If you listen to people who claim to be experts in recruiting, from the arguments that they present, you would think that measuring output quality was an insurmountable obstacle. Obviously experts like JD Power and Consumer Reports would disagree because they have somehow found a way to measure product quality and even service quality in areas that are much more complex than recruiting. Below you’ll find some of the most common arguments against measuring the performance of new hires, and why each one doesn’t hold water.
If you use agency or executive search recruiters, it makes sense to measure the on-the-job performance of the new hires who they provide your firm. If you use recruiting process outsourcing, you should also demand that they work with you to provide proof that they are providing above average performers.
It’s time for recruiting leaders to face the reality that the “measuring quality” problem has been solved by every corporate functional area except recruiting. Hotels, restaurants, airlines, and automotive manufacturers have also found a way to accurately measure the performance of their product/service. And even Denny’s measures quality with a customer comment card on the table.

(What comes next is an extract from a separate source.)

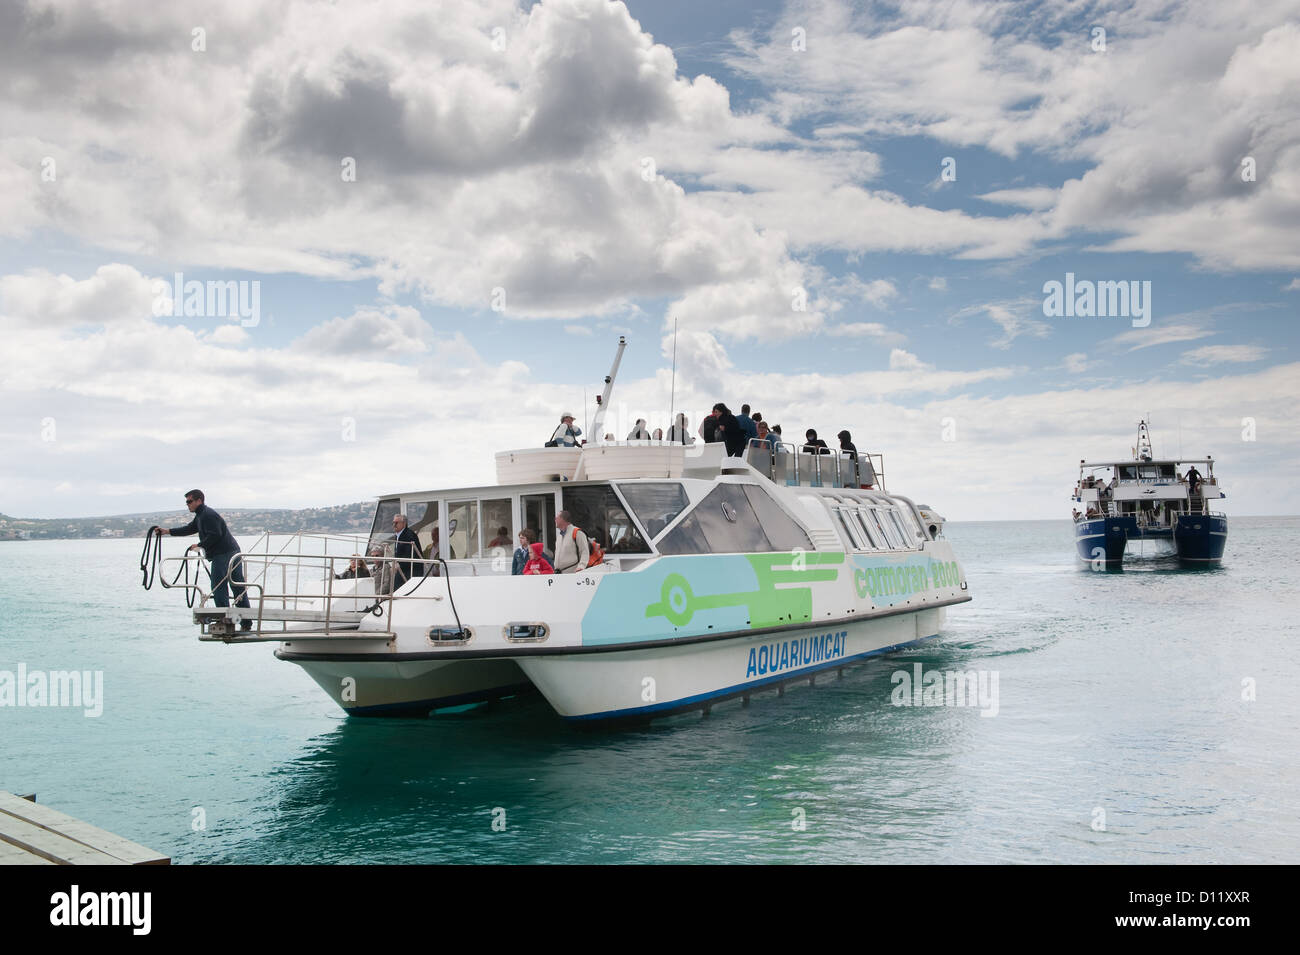 Peguera, Majorca, Spain, tourists on a sightseeing boat Stock Photo

We have come up short in many areas but perhaps the hardest to understand is “the failure rate of new hires” (which is the new-hire performance area that is easiest to measure). Measuring the number of new hires who must be fired is easy because there are so few of them, but it is at the same time critical because “bad hires” can do a great deal of damage. Next measuring the turnover rate of new hires is also quite easy and objective. Rather than attempt to get actual performance data, at least initially use the hiring manager’s assessment of their own new hires. I would specifically avoid commonly proposed metrics like quality of applicant, candidate/hiring manager satisfaction, time to productivity, and training hours required because these are not actual year-end on-the-job performance measures. Next you simply need to validate each of the components of your hiring process to determine which ones actually contribute to finding and selecting better performing hires in each of the firm’s critical jobs. And finally after conquering “the measuring quality issue,” recruiting should work with HR leaders to help them also move into the 21st century of the measurement.
The time for excuses is over, and it’s no longer acceptable to whine about how difficult it is to measure new hire quality, when everyone else has found a way to measure quality long ago. And by the way, if it takes longer than six months to develop a measuring process, you are part of the problem.